Reading the thread about EHCPs, and the difficulties there can be in securing one, I’m wondering if parents are allowed to pay for their child’s one-to-one provision in a state school. Or are there rules against it?

Of course parents should never have to do this. I’m just wondering if this is something they would be allowed to do.

OP’s posts: |
BubblesBuddy Fri 01-Nov-19 09:05:41

I think there would be problems regarding them being in school but not employed by the school. Who directs their work and who supervises then and what are their terms and conditions?

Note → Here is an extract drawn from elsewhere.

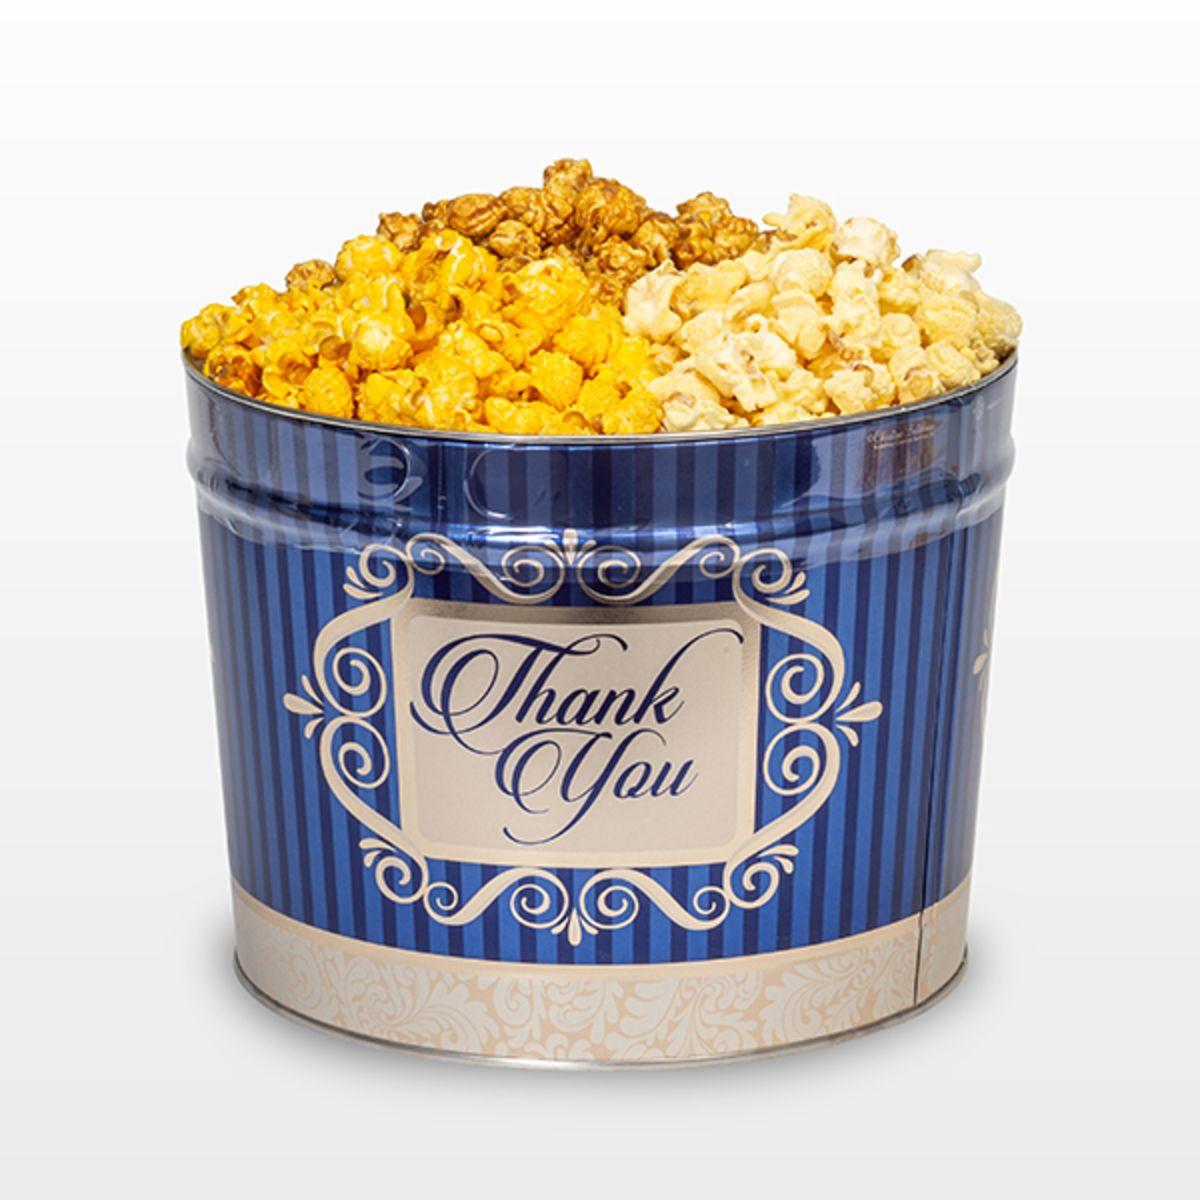 Pease's Triple Mix Popcorn, 2 Gallon Tin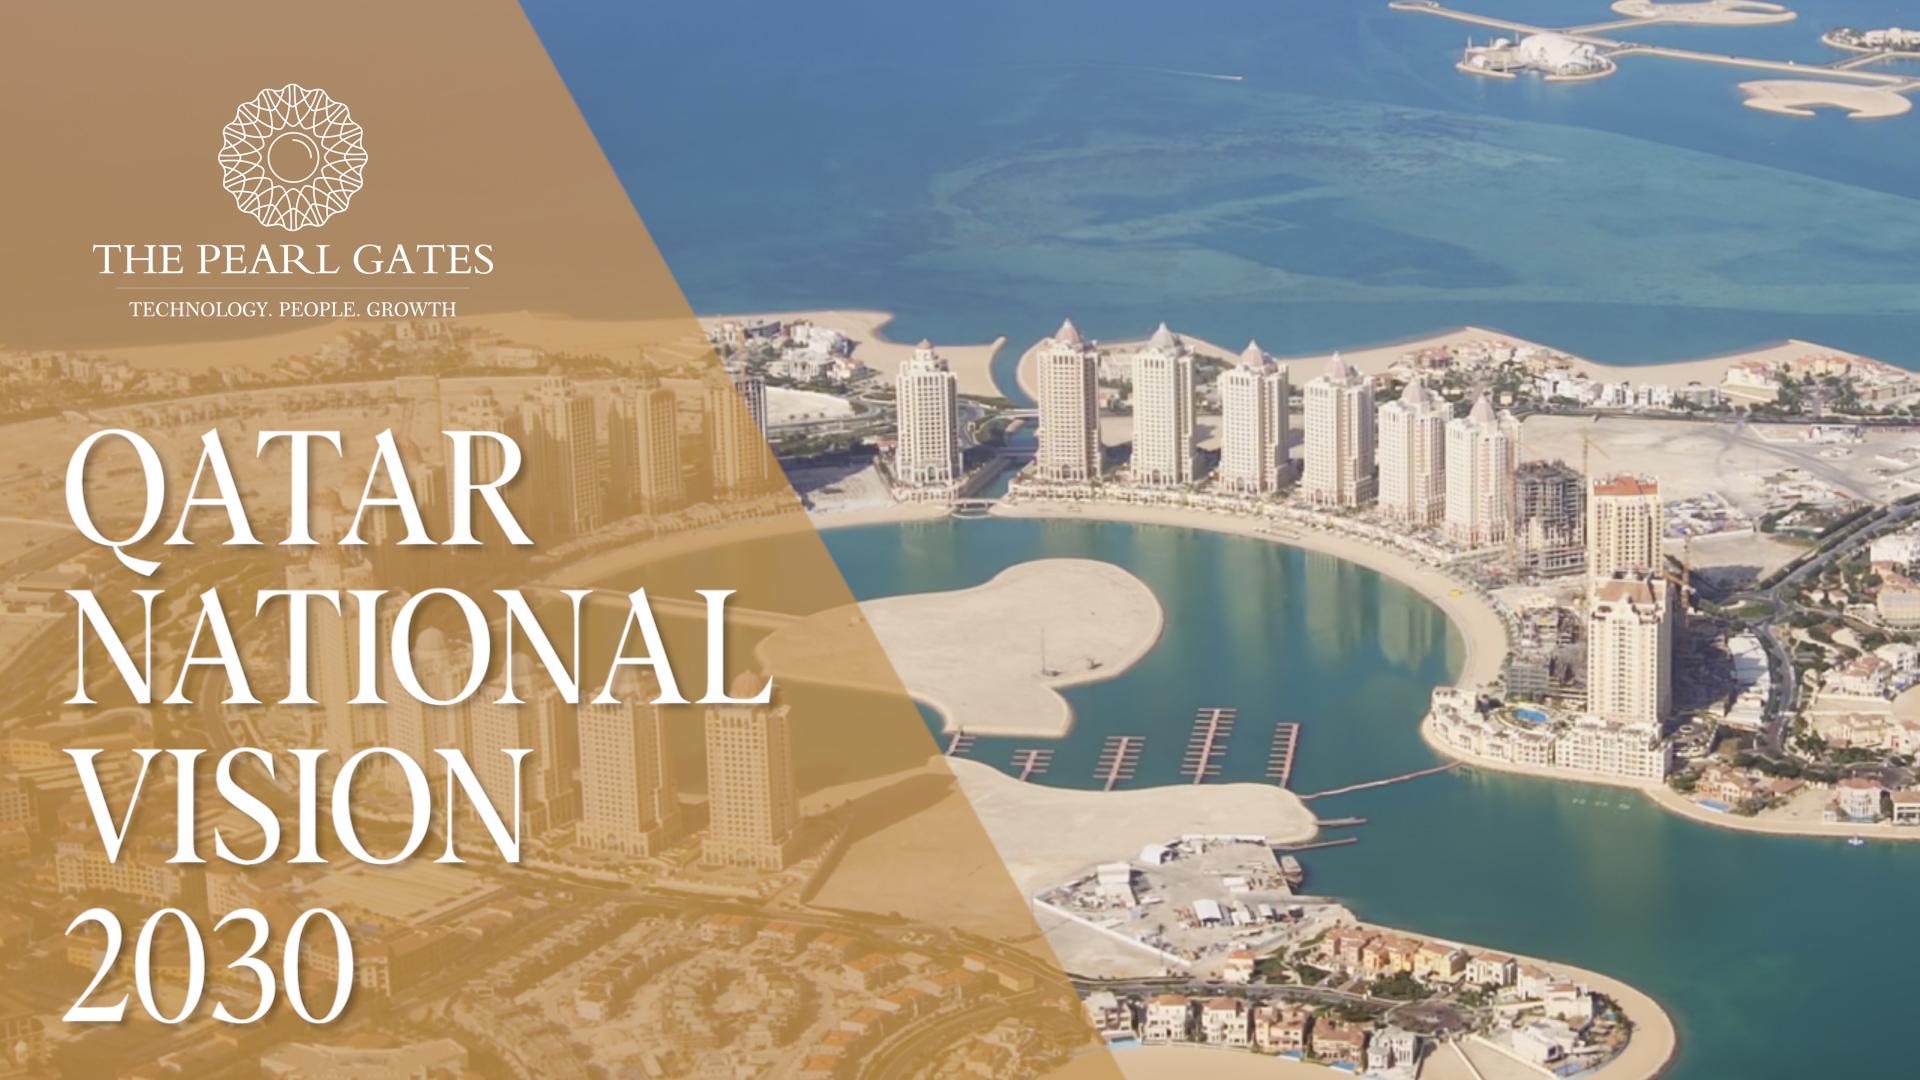 Qatar Natioanl Vision 2030

If the parents gave the money to the school budget and the school employed additional staff, that might be possible. Assuming the parent pays the on costs as well. Even for someone working term time only this could be in the region of £20,000 pa. I guess few could afford this. The job would have to be a rolling contract and full time if 1:1 for all hours in school is required. Plus training days and paid holidays.

HundredsAndThousandsOfThem Fri 01-Nov-19 09:27:25

I know someone who asked their school this and was told definitely not (this was a state primary). At least not in a straightforward manner where the parents simply pay for a member of staff who would only be responsible for their child. No idea if some schools would be happy to accept a donation under the agreement that it would pay for a 1-1 that would mainly be responsible for their child.

Certainly in private schools this happens - generally if your child requires a 1-1 the parents are accepted to fund it in a private school and sometimes it will be a requirement of the child attending the school.

reefedsail Fri 01-Nov-19 09:34:34

Where an EHCP is in place, in theory, the parent could request direct payments and then require this to be spent on 1:1 support. That doesn't get round the problem of securing an EHCP in the first place though, and so few parents request direct payments that it's pretty untested water.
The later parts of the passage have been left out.